A área externa possui um bonito jardim com gramado e flores. No jardim, espalhados pelo gramado há círculos em concreto como sugestão de área de convivência, ideais para piqueniques. As obras do Louvre estão dispostas em ordem cronológica em um grande galpão moderno e com iluminação estrategicamente projetada. As atendentes são simpáticas e muito bem informadas. O espaço é amplo e claro o que permite melhor contato visual com as obras. O Louvre-Lens também oferece ao visitante um aparelho smartphone para acesso ao guia em áudio. O app para navegação é simples e intuitivo. Para ter acesso às descrições basta digitar o número da obra. Grande parte das obras expostas possui descrição em várias línguas que são comentadas por grandes especialistas em história da arte.

Detalhes da estrutura do Louvre-Lens. Fotos: +Karla Vidal.

A seguir reproduzo a descrição do site seguida de uma tradução livre:

Contrairement à d'autres musées, le Louvre-Lens ne disposera pas de collections propres. La Galerie du Temps exposera pour 5 ans au sein du musée du Louvre-Lens des chefs-d'œuvre du Louvre, selon une présentation chronologique. Sur 120 mètres de long, de la naissance de l'écriture vers 3 500 avant JC jusqu'au milieu du 19e siècle, toutes les civilisations et techniques seront représentées, embrassant ainsi l'étendue chronologique et géographique des collections du musée du Louvre. La Galerie du Temps s'organisera en 3 grandes périodes : 70 œuvres pour l'Antiquité, 45 œuvres pour le Moyen Âge et 90 œuvres pour les Temps modernes.
Ao contrário de outros museus, o Louvre-Lens não terá coleções próprias. A Galerie du Temps (Galeria do Tempo) vai expor em ordem cronológica, durante 5 anos, uma série de obras-primas selecionadas do Museu do Louvre de Paris. Em 120 metros de comprimento estarão expostas obras de períodos que vão desde o nascimento da escrita, 3500 a.C. até meados do século XIX.  Todas as civilizações e suas técnicas estão representadas abrangendo assim a ordem cronológica e geográfica das coleções do Museu do Louvre. A Galerie du Temps está organizada em três períodos principais: são 70 obras da Antiguidade, 45 obras da Idade Média e 90 peças dos tempos modernos.

La Grande Galerie do Louvre-Lens. Espaço específico para exposição das obras vindas diretamente do Museu do Louvre de Paris. Foto: +Karla Vidal.

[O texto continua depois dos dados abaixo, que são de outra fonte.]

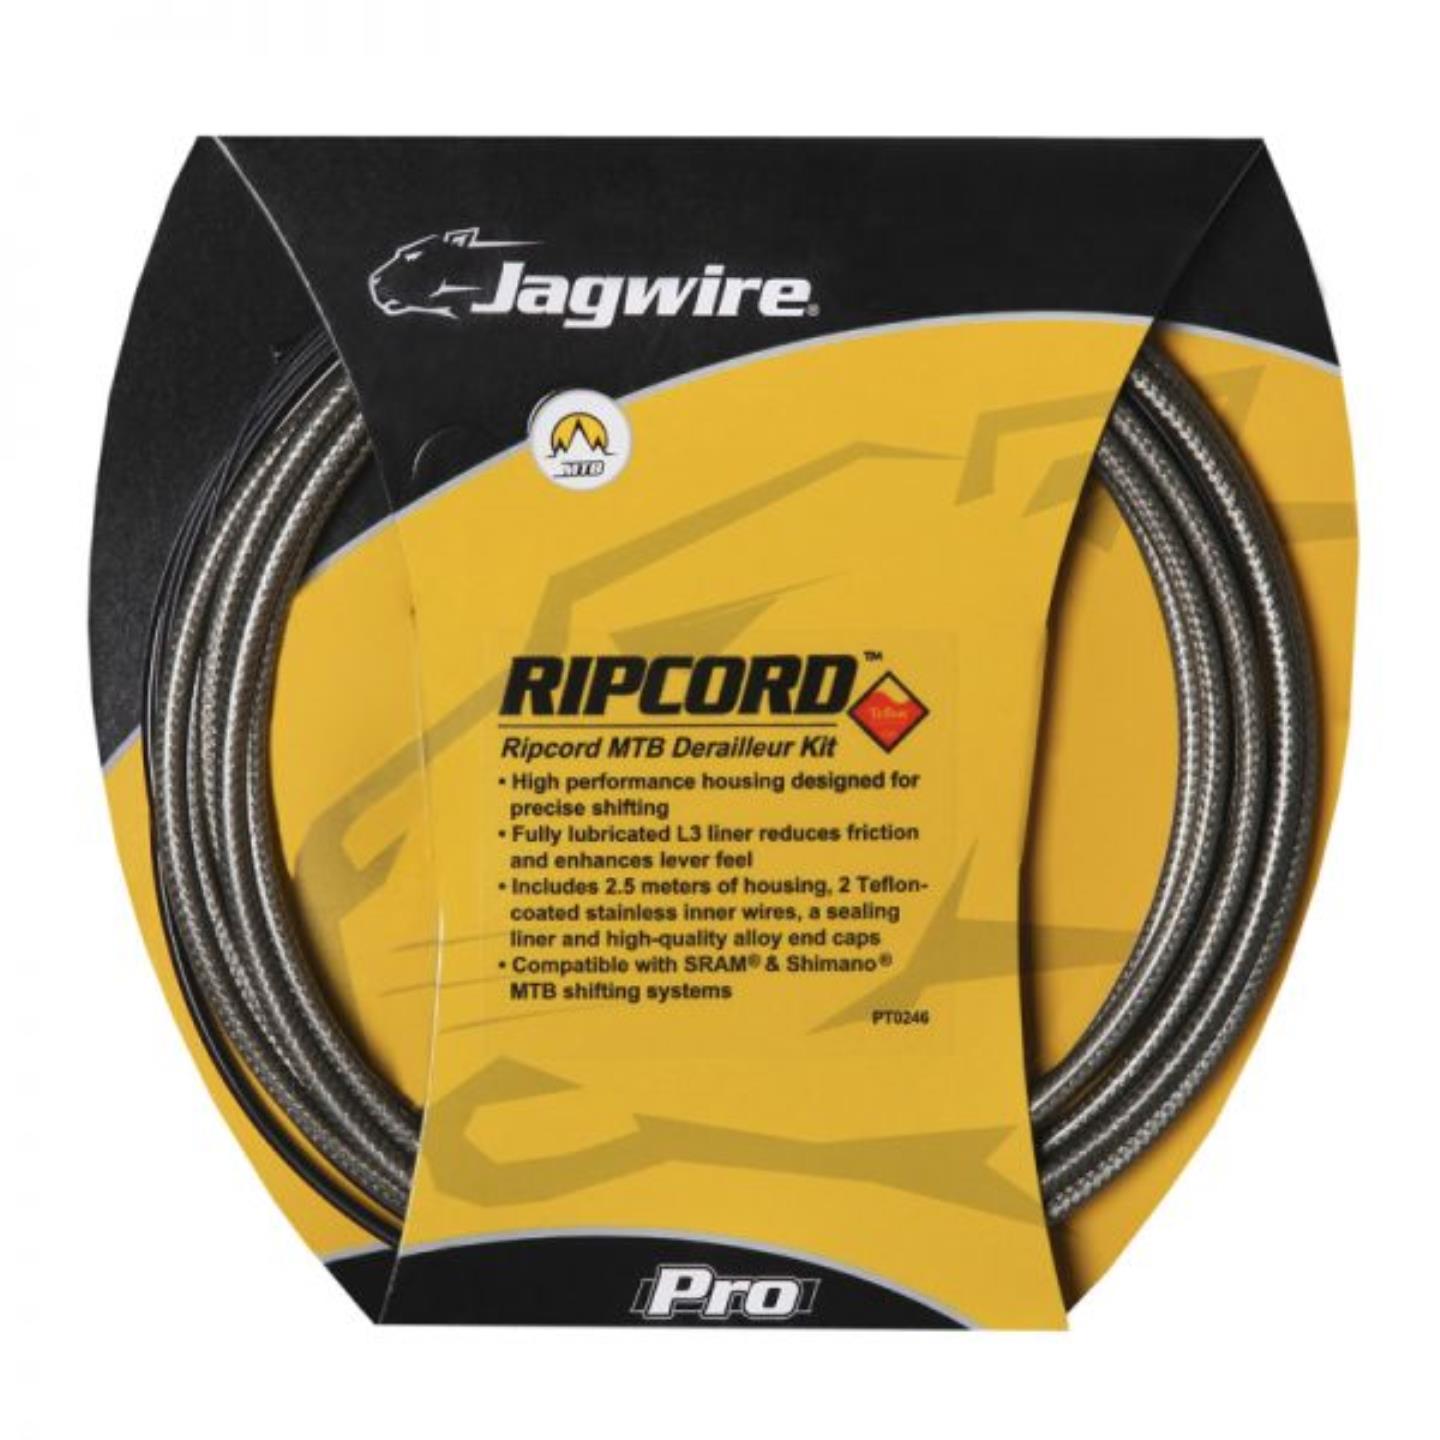 Jagwire καλώδια και σύρματα ταχυτήτων Ripcord MTB C40

Além das obras selecionadas do Louvre de Paris, expostas na intitulada Grande Galeria, o Louvre Lens também abriga exposições especiais. Nesse verão o visitante poderá escolher entre a exposição Les Désastres de la Guerre. 1800-2014 que custa 9 euros ou a exposição 30 ans d'acquisitions en Nord-Pas de Calais também gratuita que apresenta uma visão geral das aquisições dos museus da região durante os últimos 30 anos.

Se você também é um admirador de arte que gosta de viver a experiência de visita ao museu da forma mais intensa possível, indico fortemente a visita ao Louvre-Lens. Sob uma perspectiva matemática temos 205 obras no museu de Lens contra mais de 35 mil obras do museu de Paris. Eu realmente prefiro ver menos, mas ver direito. No entanto, se você tem tempo sobrando para utilizar em Paris, uma série de vistas ao Louvre-Paris será também uma boa ideia.

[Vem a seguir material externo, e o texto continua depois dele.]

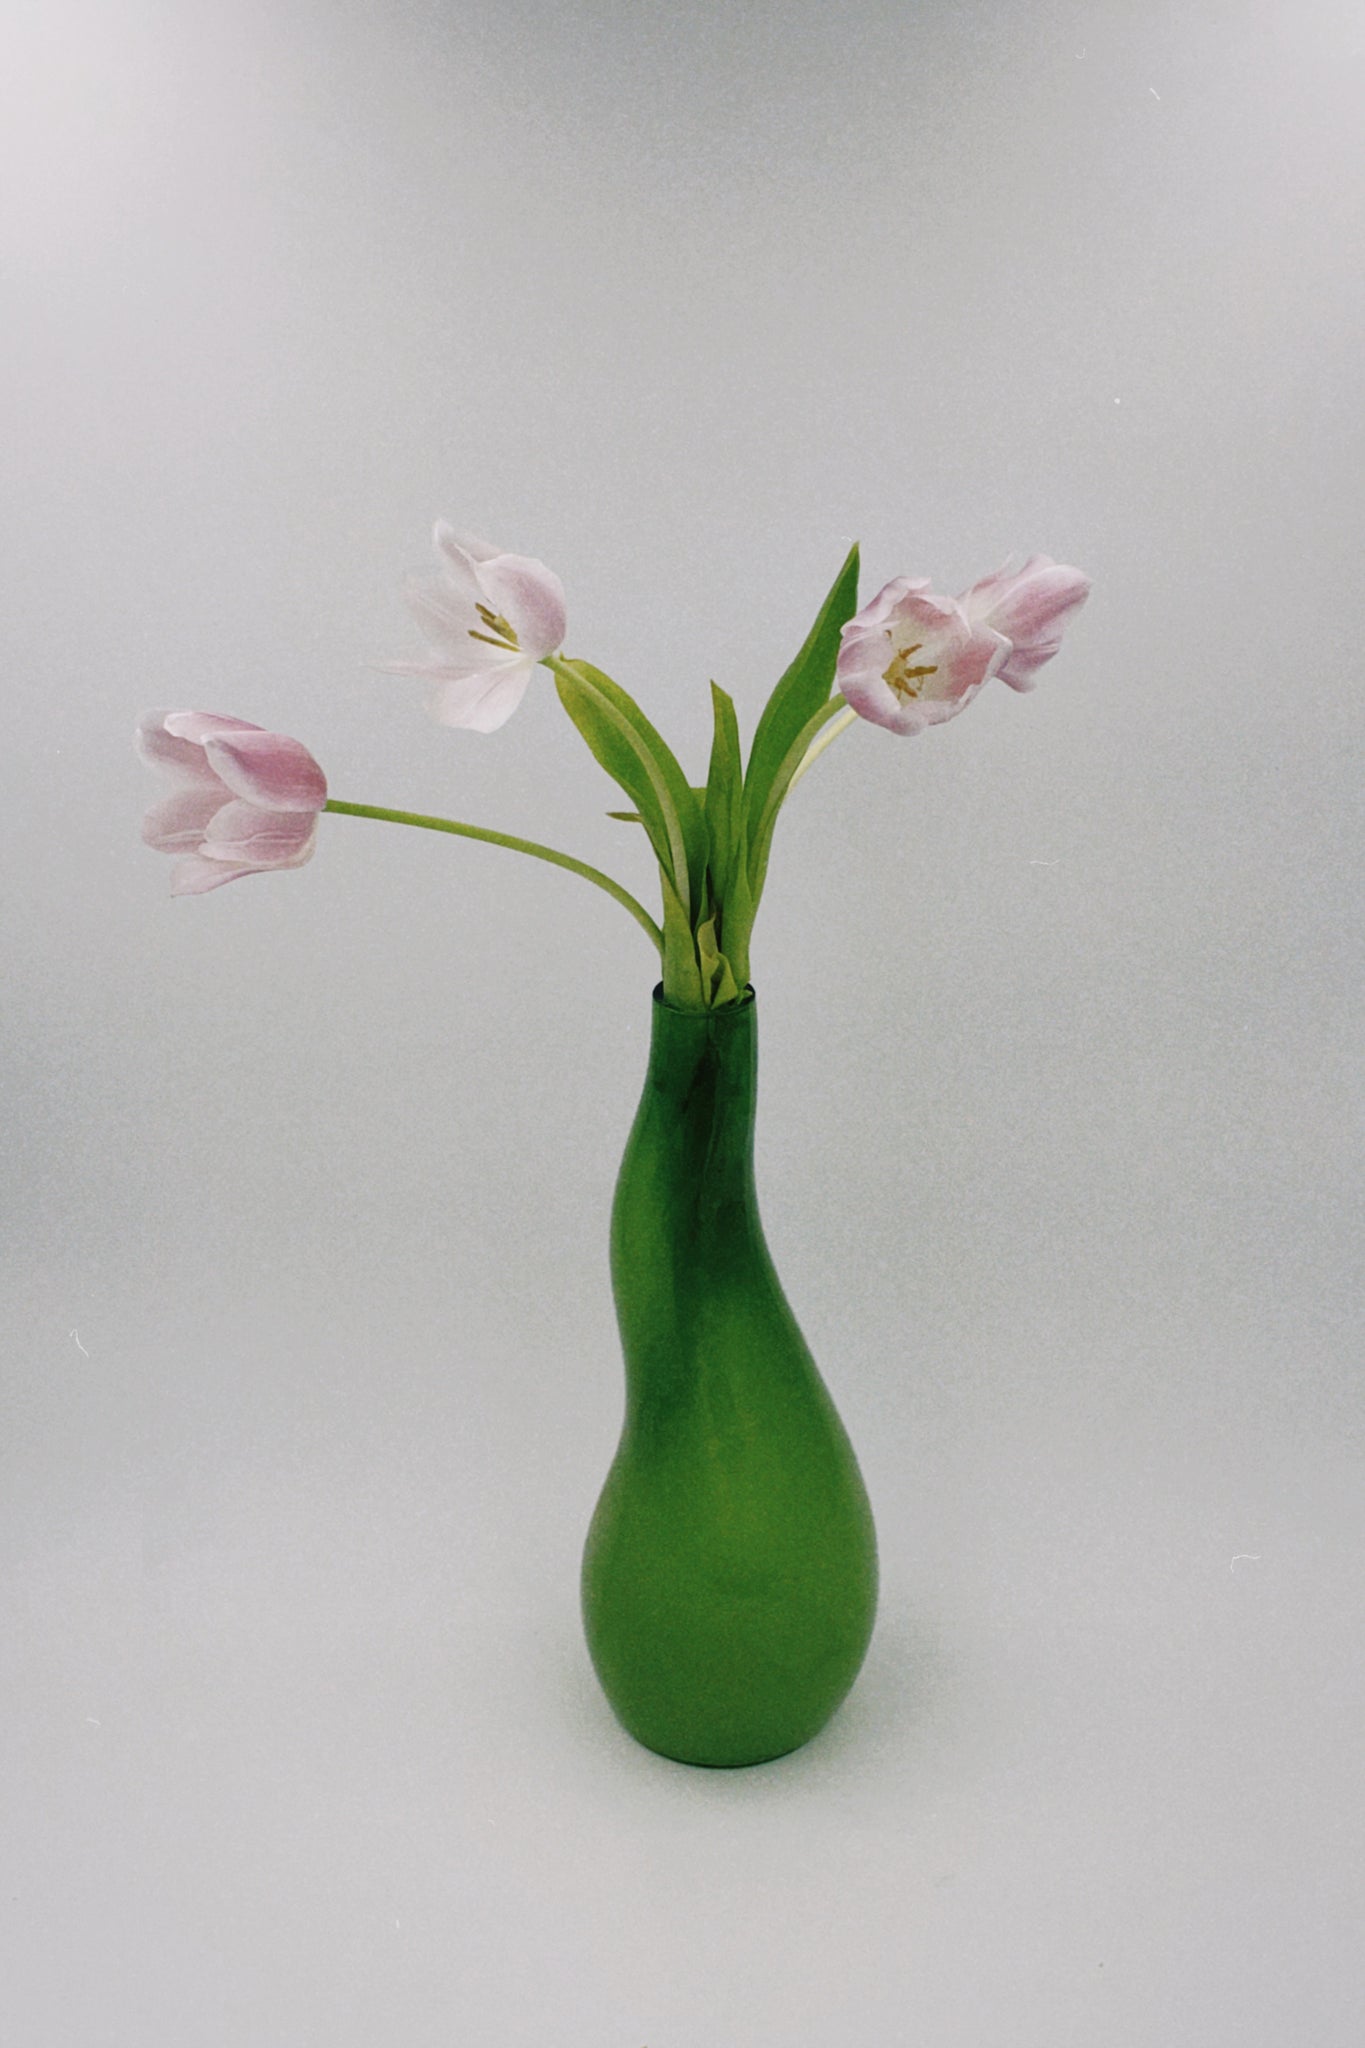 Lime Green Vase

Agora vamos às obras e seus detalhes:

Tablete com escrita pré-cuneiforme. O conteúdo diz respeito a questões alimentares. Mesopotâmia, atual Iraque. Foto: +Karla Vidal.
Ídolo feminino nu com braços cruzados. Grécia. Foto: +Karla Vidal.

Detalhe de sarcófago em madeira  La dame Tanetmit. Tebas/Egito. Foto: +Karla Vidal.

Arqueiro da Guarda real. Fragmento da decoração do palácio do rei Dario I. Susa, atual Irã. Foto: +Karla Vidal.

Cena de exposição da morte em vaso funerário. Atenas/Grécia. Foto: +Karla Vidal.

Guerreiro combatendo um dragão. Objeto profano. Placa em cobre dourado. Meuse/França. Foto: +Karla Vidal.

Bella Donna: louça cerimonial.  Faiança. Deruta/Itália. Foto: +Karla Vidal.

São Sebastião de Pietro di Cristoforo Vanucci. Óleo sobre madeira. Foto: +Karla Vidal.

Detalhe da obra Mariana Waldstein, marquesa de Santa Cruz. Francisco Goya. Foto: +Karla Vidal.

São Francisco morto. Madeira pintada, osso (dentes), vidro (olhos) e cânhamo. Espanha, 1650.